Faena’s attorney, Neisen Kasdin, also admitted that the project was on hold in a March 27 letter to the preservation board “due to shifting macroeconomic conditions.”

But the hotel has already been gutted contractors and that worried some board members. “They’re not sure of the direction they are going with the buildings,” said board member Scott Needleman, who asked that staffers keep an eye on the structure lest it “starts falling apart.”

Board member Kirk Paskal was uneasy about Faena placing a “billboard” on an historic building that’s now little more than a “ripped down carcass.”

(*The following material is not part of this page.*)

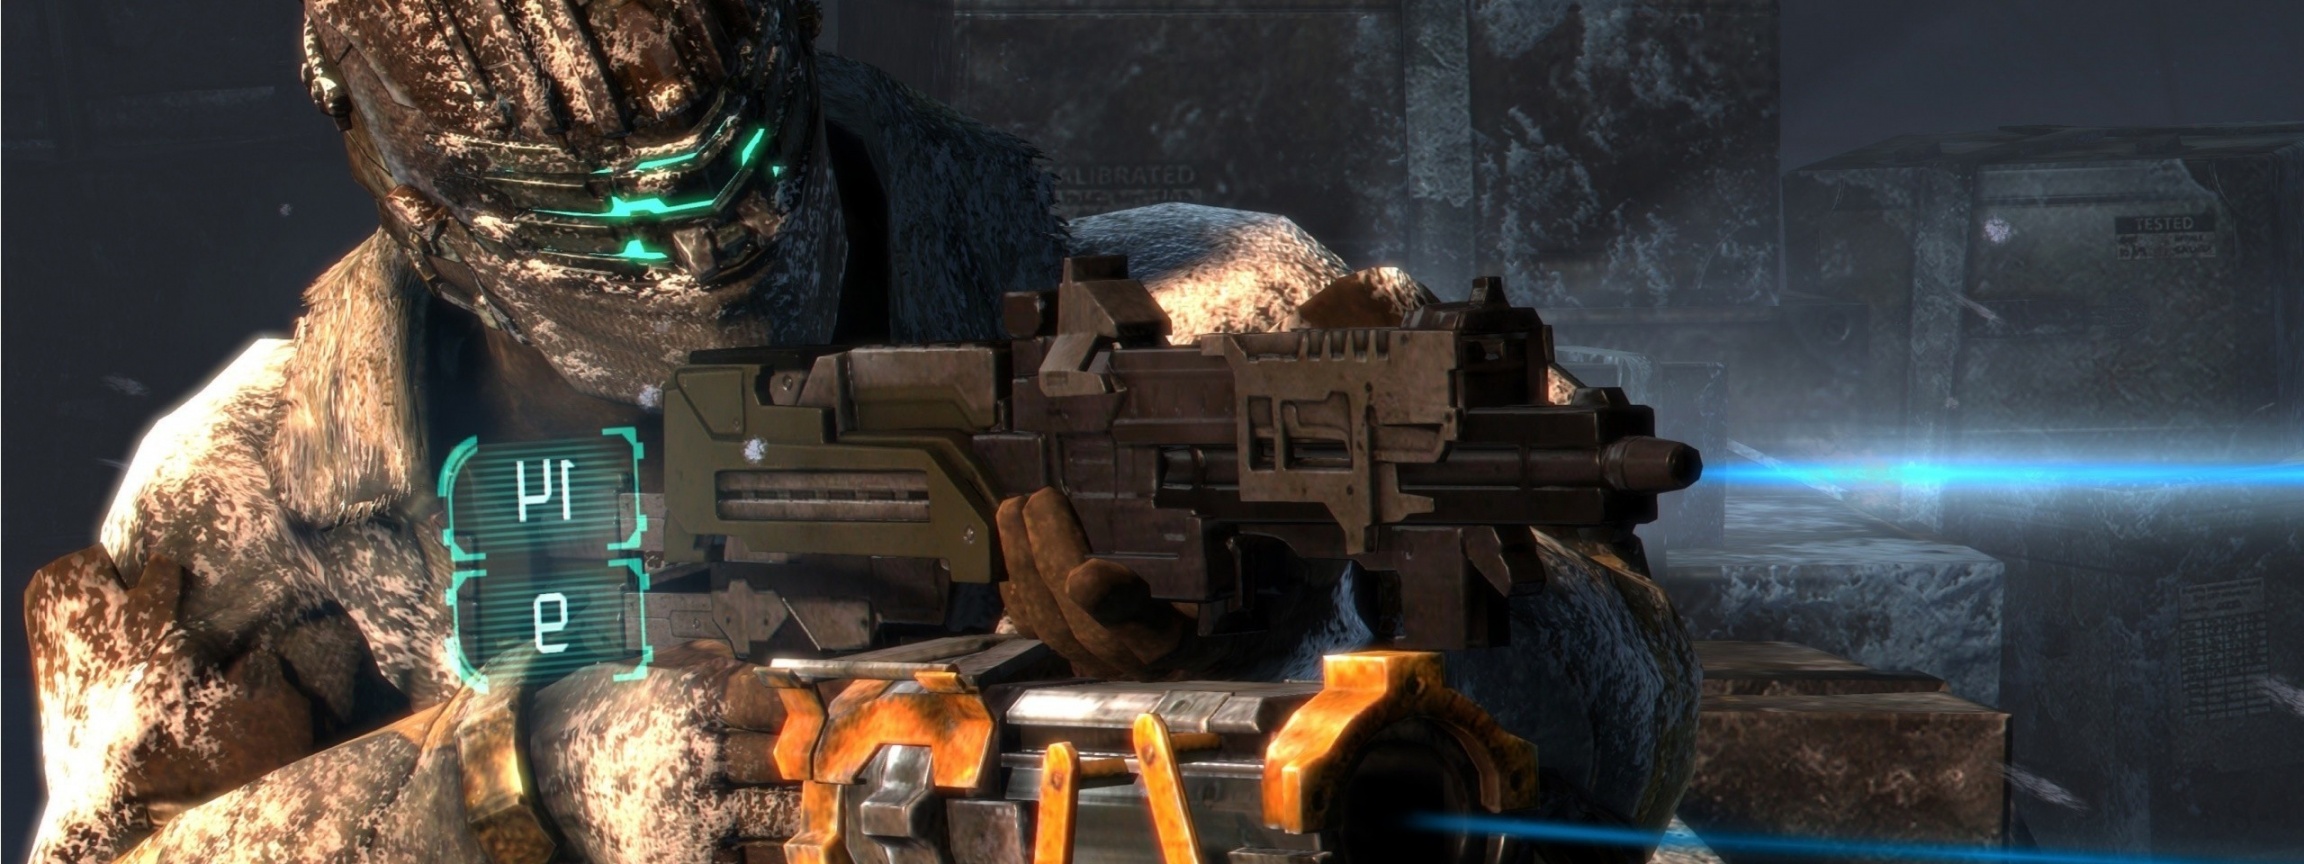 Dead Space 3 Shooter Laser Gun Isaac Clarke

But board member Wynn Bradley pointed out that Faena was still renovating the building. In the letter, Kasdin stated that Faena is “undertaking the concrete restoration part of the renovations to the Versailles to ensure that the structural integrity of the Versailles is maintained.” That includes “covering up any metal re-bar that is currently exposed to the salt air with concrete so that the rebar does not deteriorate.”

“They have an open permit. They’re doing work,” Bradley said.

Paskal agreed that Faena is still intent on preserving the building. However, he couldn’t condone an unauthorized wrap adorned with a Faena logo. “I don’t want to punish anyone,” he said. “I don’t want to incentivize this either.”

Barnes assured the board that although the original Versailles condo concept “is not viable in the market right now” Faena was “not letting it deteriorate.” He also insisted that the wrap wasn’t meant to be an advertisement for the Faena District, but an aesthetic wrap. Barnes later told TRD that artistic decorative wraps were placed around the Versailles during Art Basel.

The board approved the fence variance and encouraged Faena to cocoon the Versailles skeleton entirely in plain red wrap. Paskal was the lone “no” vote.

The board will also invite Faena to give a progress report to the board on the Versailles’ restoration.